Fruitful Events
I spent part of this week doing cold outreach, and the positive response rates genuinely surprised me.
Cold outreach gets a bad reputation because most people do it wrong. They reach out without a real process or a clear reason why the partnership makes sense for the other person. What actually works is leading with value, showing you've done your research, and keeping the ask small enough that responding feels easy.
That's the approach I've been refining, and this week was a good reminder that when it works, it really works. More on that framework another time.
Let's get started.
FRUITFUL FINDS
B2B event resources & news
Will Guidara (Eleven Madison Park, #1 restaurant in the world) breaks down what "unreasonable hospitality" actually looks like in practice. A lot here maps directly to events. (Watch)
Varun Rana's viral LinkedIn "job announcement" is the most accurate thing posted on that platform in years. (LinkedIn)
Laura Beaulieu runs 25 AI agents that power her entire marketing operation and it’s built in Claude Code with zero technical background. Free 45-minute lesson. (Watch)
DEEP DIVE
The hospitality homework B2B event organizers can steal
I wasn't planning this deep dive, but yesterday I went down a YouTube rabbit hole and ended up on a Nathan Barry Show episode featuring Will Guidara and Brian Canlis. I was maybe ten minutes in before I had my notes app open, writing down connections to B2B events.
Fun fact: For eight years before the pandemic, I ran a hospitality business. I started with pop-up dinners, then did event consulting for food halls and experiential marketing for F&B brands. So when two restaurant guys show up on a podcast for newsletter operators, I was intrigued and thought I could offer a unique perspective related to B2B events.
Quick context on the restaurant guys:
Will ran 11 Madison Park, voted the number one restaurant in the world in 2017, and wrote Unreasonable Hospitality. The core distinction he draws is between service and hospitality. Service is delivering what's expected. Hospitality is making someone feel genuinely seen.
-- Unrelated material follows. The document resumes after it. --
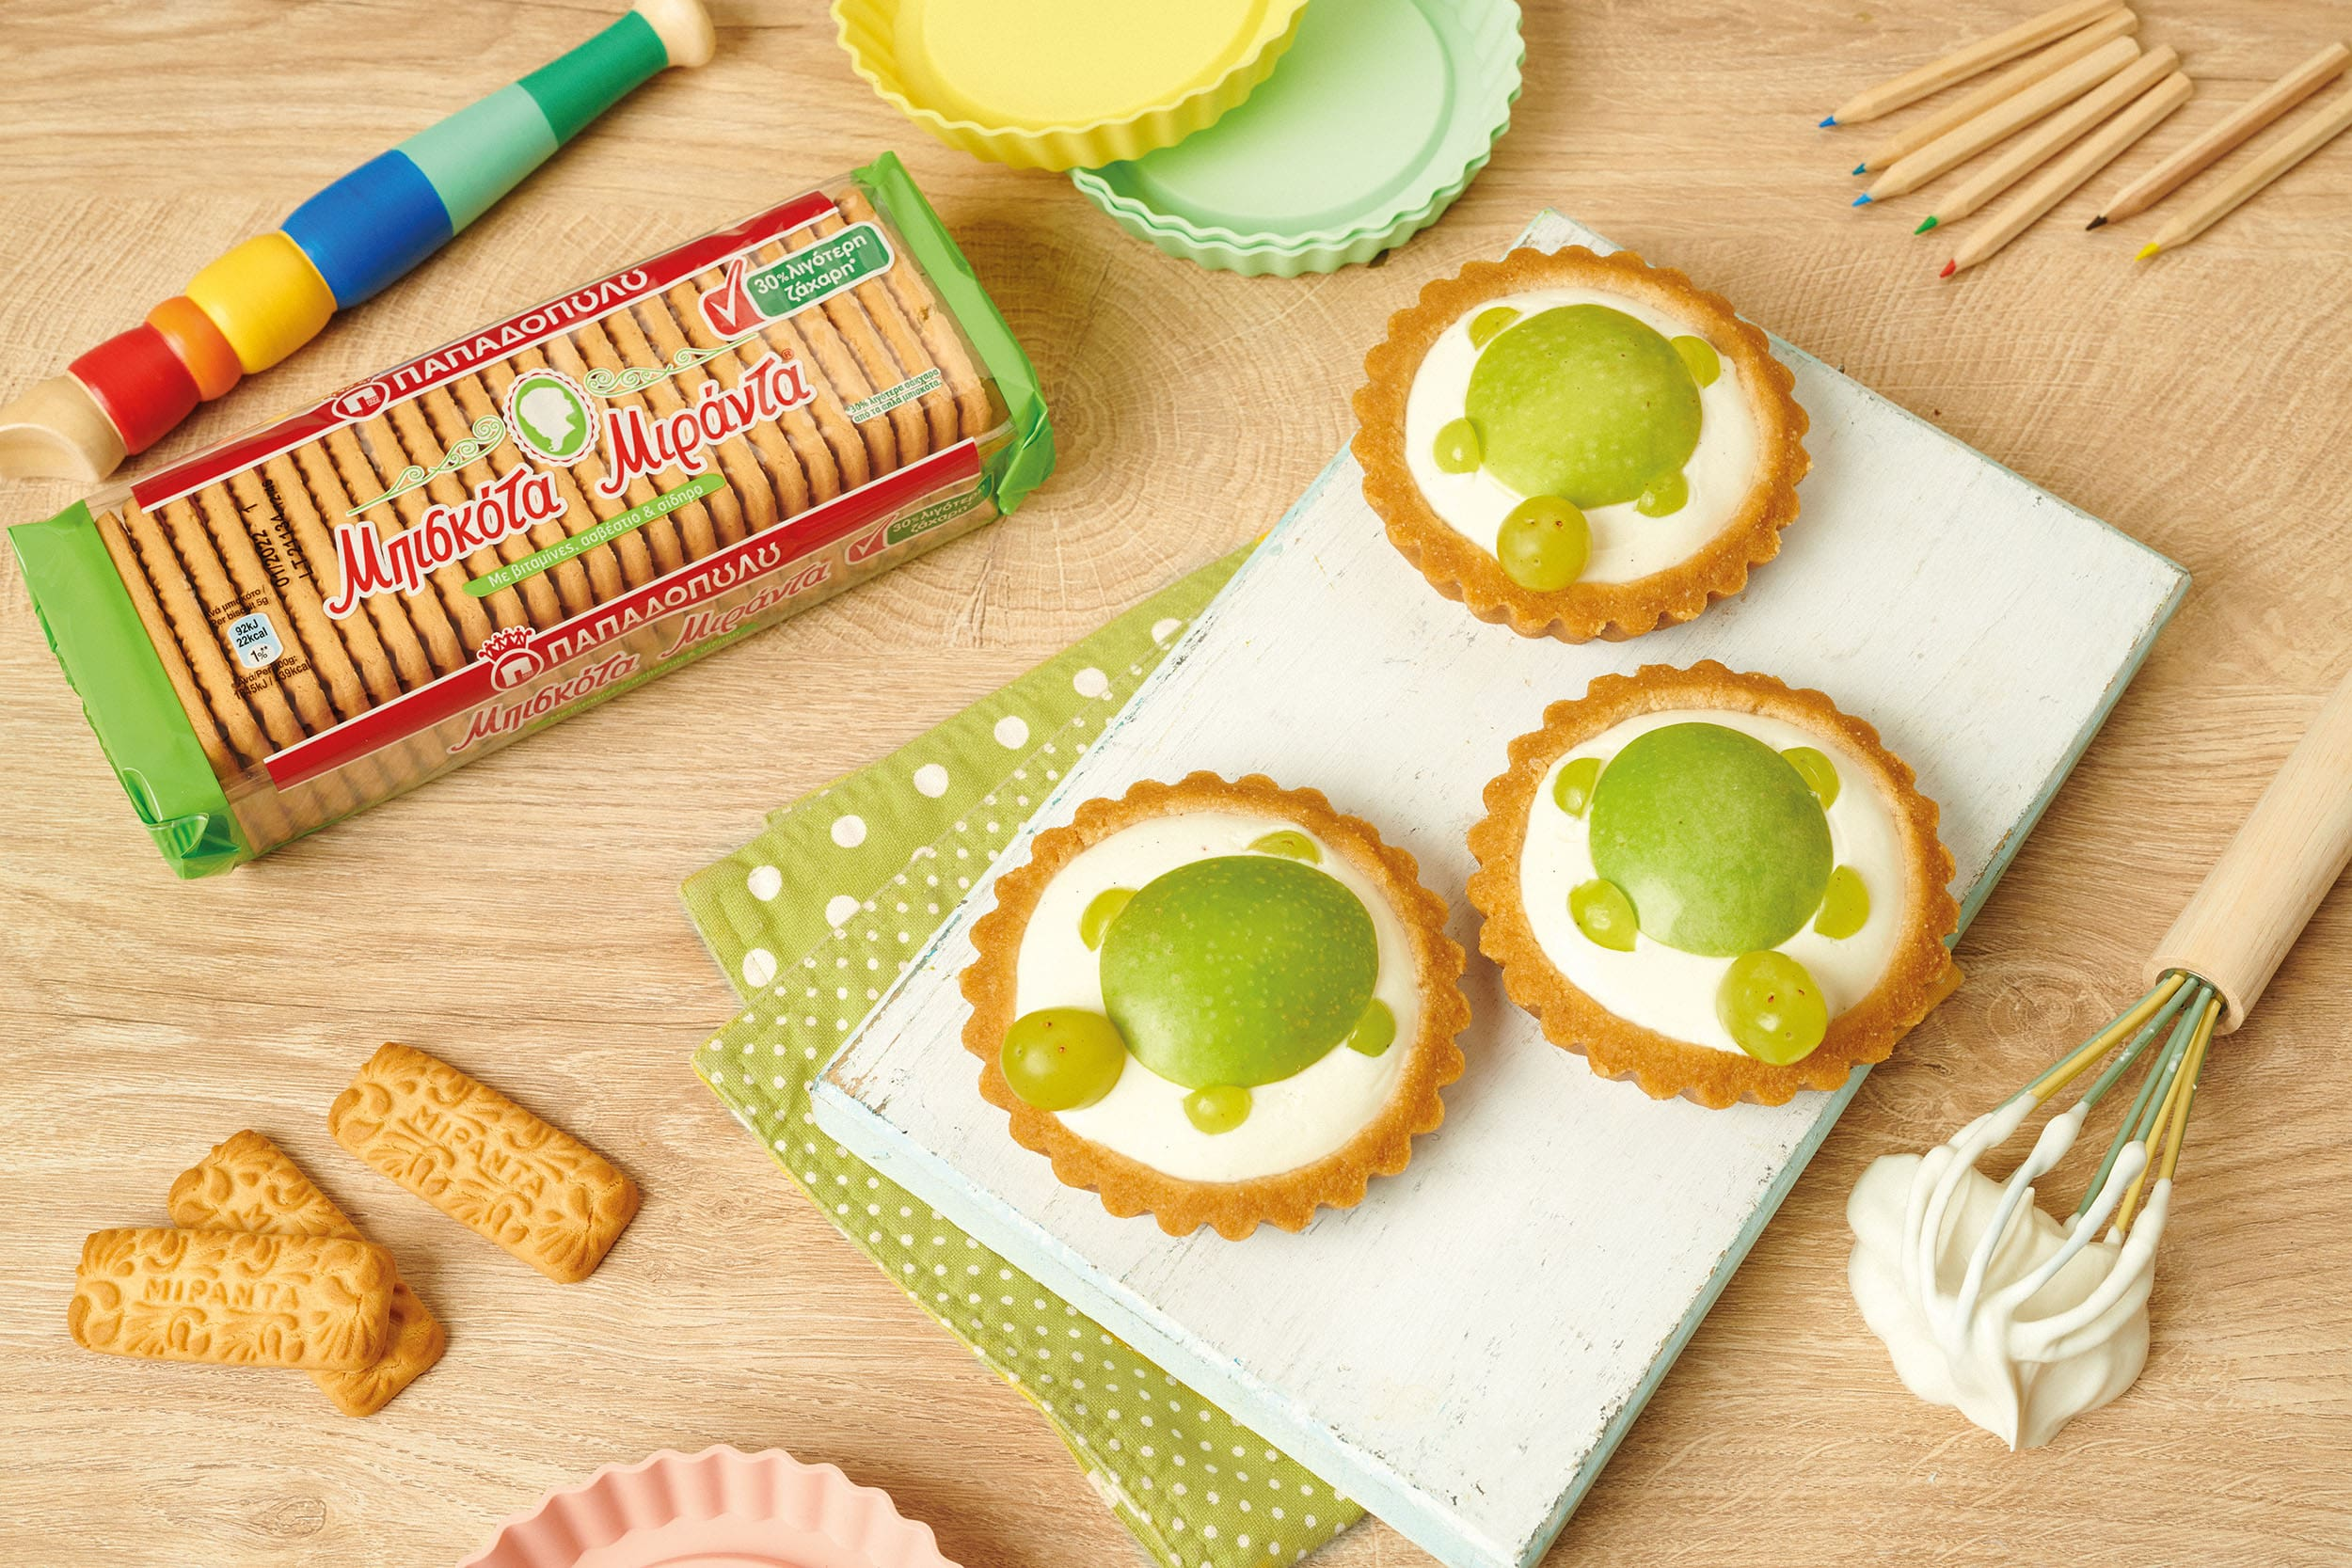 image for Ατομικά ταρτάκια με μήλο-αχλάδι και μπισκότα Μιράντα

Most B2B events, including some I've been part of, do the first and miss the second.
Brian ran Canlis in Seattle for nearly two decades, a third-generation family restaurant and one of the most respected fine dining institutions in the country. He and Will have been friends since college, and the chemistry in their conversation is what made me keep watching.
Their thinking, across hospitality, intentionality, and curiosity, maps directly onto the Audience, Design, and Execution components of my GARDEN framework.
Let’s make the connections.
Audience
Will and Brian organize their thinking into three tiers: one-size-fits-all, one-size-fits-some, one-size-fits-one.
Most events live entirely at the first tier. Basic agenda, same welcome email, same experience for everyone in the room.
One-size-fits-some is about using what you observe to create elevated moments for specific groups.
One-size-fits-one is learning something specific about one person and doing something memorable with it.
Brian built a ritual at Canlis around this. Guests could drink from a rare barrel of Scotch, completely free, but only if they shared out loud how they hoped to grow as a person. What started as a staff tradition became something guests would call ahead to experience. It worked because Brian understood that people weren't just coming for the food. They were coming to feel connected to something. He designed around that insight.
The standard I find most useful: not just who is coming, but why they're actually coming. What do they need from this room that they can't get anywhere else? When you know that, the design decisions start to make themselves.
Design
The Canlis example that stayed with me is the coat check. They'd already built a system to remember guests' cars without a valet ticket. Someone eventually asked: if we can do that for a car, why are we still handing out coat check numbers? So they built a new system. Heated coats waiting at the door, timed to the moment a table gets up. Car pulling around as they walk out.
No budget required but a lot intentionality. Guests almost always bring up the coats and the car when they talk about the experience. The “peak-end rule” resonates with me since people remember endings most vividly. I've started asking myself about every event I work on: am I as deliberate about the last twenty minutes as I am about the first?
Execution
Will is very clear that none of what feels like magic at 11 Madison Park was improvised. It was designed in advance, built into a system, and deployed consistently.
The Chewy example is the clearest illustration. When a customer cancels their dog food subscription because their pet died, Chewy's response is the same every time. Cancel the order, refund the last shipment, send flowers. Sometimes a hand-painted portrait of the pet. Someone identified a pattern, a painful and recurring human moment, decided what the response should look like, and built it into the system.
Every event has its own version of that moment. The first-time attendee who doesn't know anyone. The networking break that goes quiet. The person who traveled far and leaves without a useful connection. These are predictable. The question is whether we've designed a response for them, or we're hoping someone figures it out on the day.
Will puts it simply: "People think it's a magic trick. It's not. It's a system we've built."
None of what Will and Brian describe requires a massive venue or a big budget. It requires curiosity. The habit of asking whether something can be a little more human, a little more memorable, a little more worth showing up for. And then the discipline to build systems around the answers.
That's a standard I want to hold my own work to.